= Kenworth Moffett =

Kenworth W. Moffett (1934 – June 21, 2016) was an American art curator, museum director and author.

== Career==
Moffett was born in East Orange, New Jersey and took a degree in art history at Columbia University, where he studied with Meyer Schapiro and Philip Pouncey, and graduated in 1960. He then pursued graduate work at Harvard University, earning a Ph.D. in 1968. His dissertation on German art critic Julius Meier-Graefe served as the foundation for his first book, Meier-Graefe as Art Critic (1973). A champion of Color Field painting, he wrote critical essays and reviews for major art periodicals including Artforum and Art International throughout the late '60s and 1970s.
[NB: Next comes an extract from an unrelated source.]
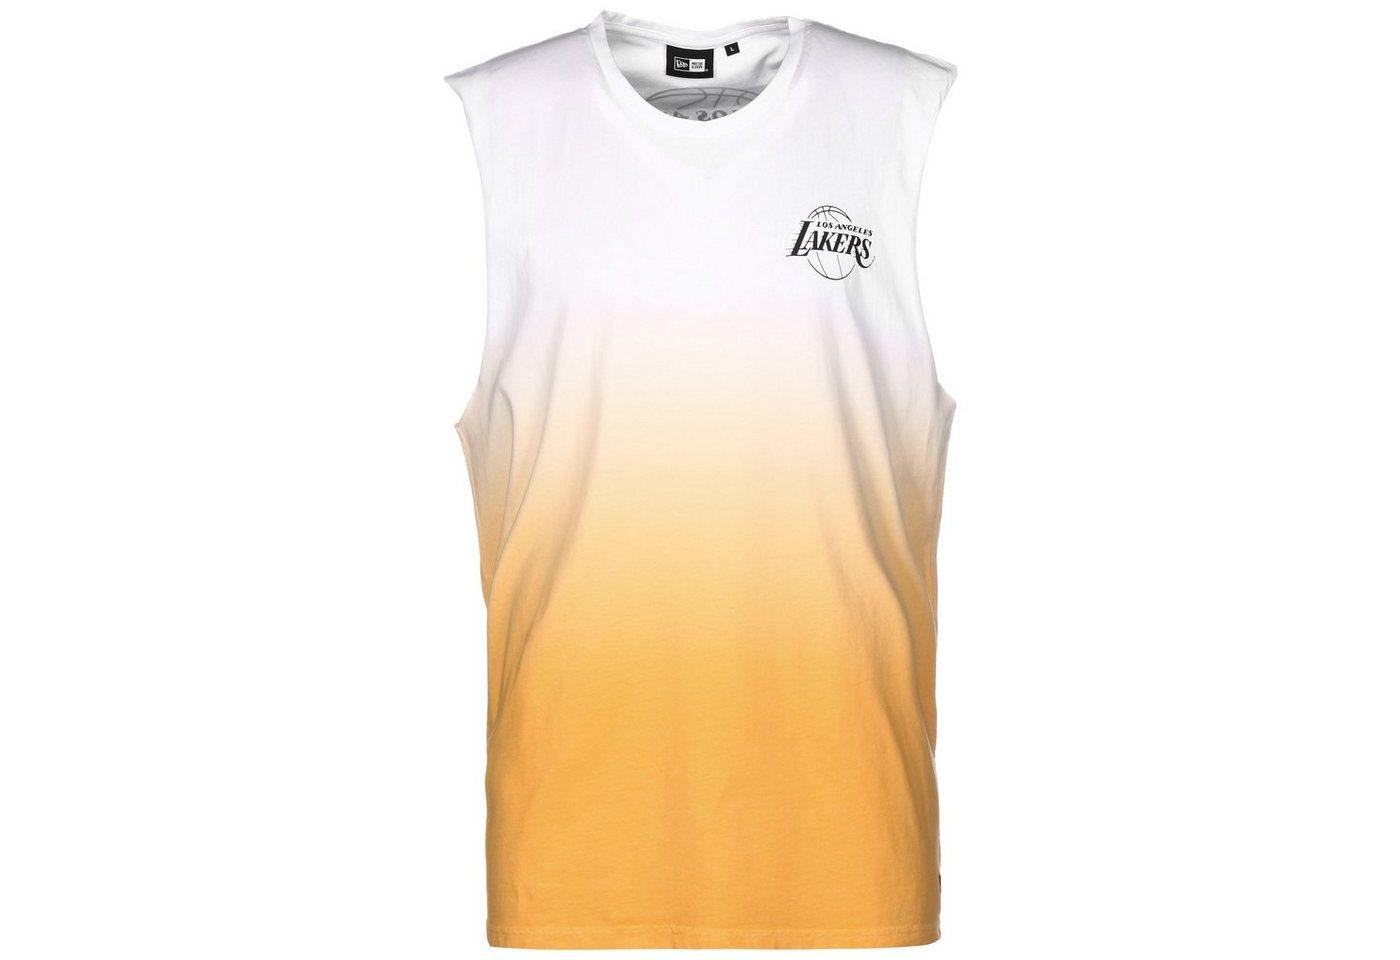 new era -  Tennisshirt »Nba Los Angeles Lakers Dip Dye«

From 1968 to 1979, Moffett was a full professor of art history at Wellesley College.

In 1971, he was made founding curator of twentieth-century art at the Boston Museum of Fine Arts, where he organized exhibitions of sculptor Anthony Caro, painters Jules Olitski, Barnett Newman, Friedel Dzubas, and the first museum show of the realist Albert York. Moffett co-authored a monograph on Fairfield Porter, A Realist Painter in the Age of Abstraction with John Ashbery, among others, to accompany the 1983 Porter retrospective. In 1981, Moffett and colleague Theodore E. Stebbins, Jr., organized the first show of American art to travel to China following the Cultural Revolution. During his 13 years at the Boston Museum of Fine Arts, he oversaw the bequest of 26 paintings by Morris Louis, as well as acquisitions of over one hundred artworks, including paintings by Picasso, Matisse, Miró, Hans Hofmann, Jackson Pollock, and Helen Frankenthaler.
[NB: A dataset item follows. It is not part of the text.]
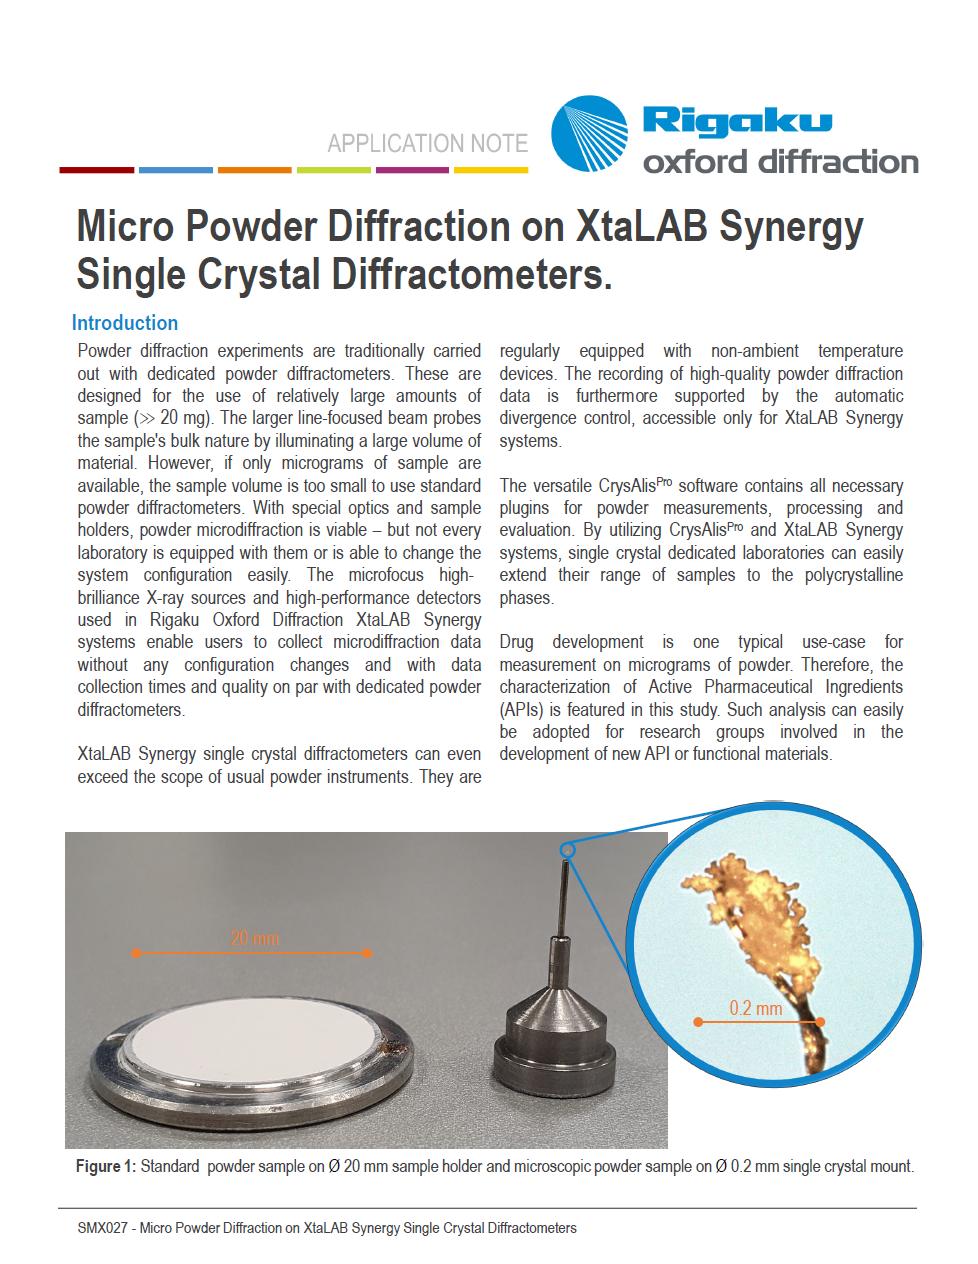 Micro Powder Diffraction App Note Thumbnail

In 1989, he was appointed director of the Museum of Art Fort Lauderdale, where he remained until 1997. He departed the museum in order to promote the work of a group of abstract artists he called the "New New Painters". Lucy Baker, Steve Brent, Joseph Drapell, John Gittins, Roy Lerner, Anne Low, Marjorie Minkin, Irene Neal, Gérard Paire, Graham Peacock, Bruce Piermarini and Jerald Webster were among the artists Moffett included in exhibitions of the New New Painters. With Marcel Paquet, Moffett wrote a monograph on the group in 1992. The following year they were the subject of a large exhibition at the Museé d'Art Modern et d’Art Contemporian in Nice.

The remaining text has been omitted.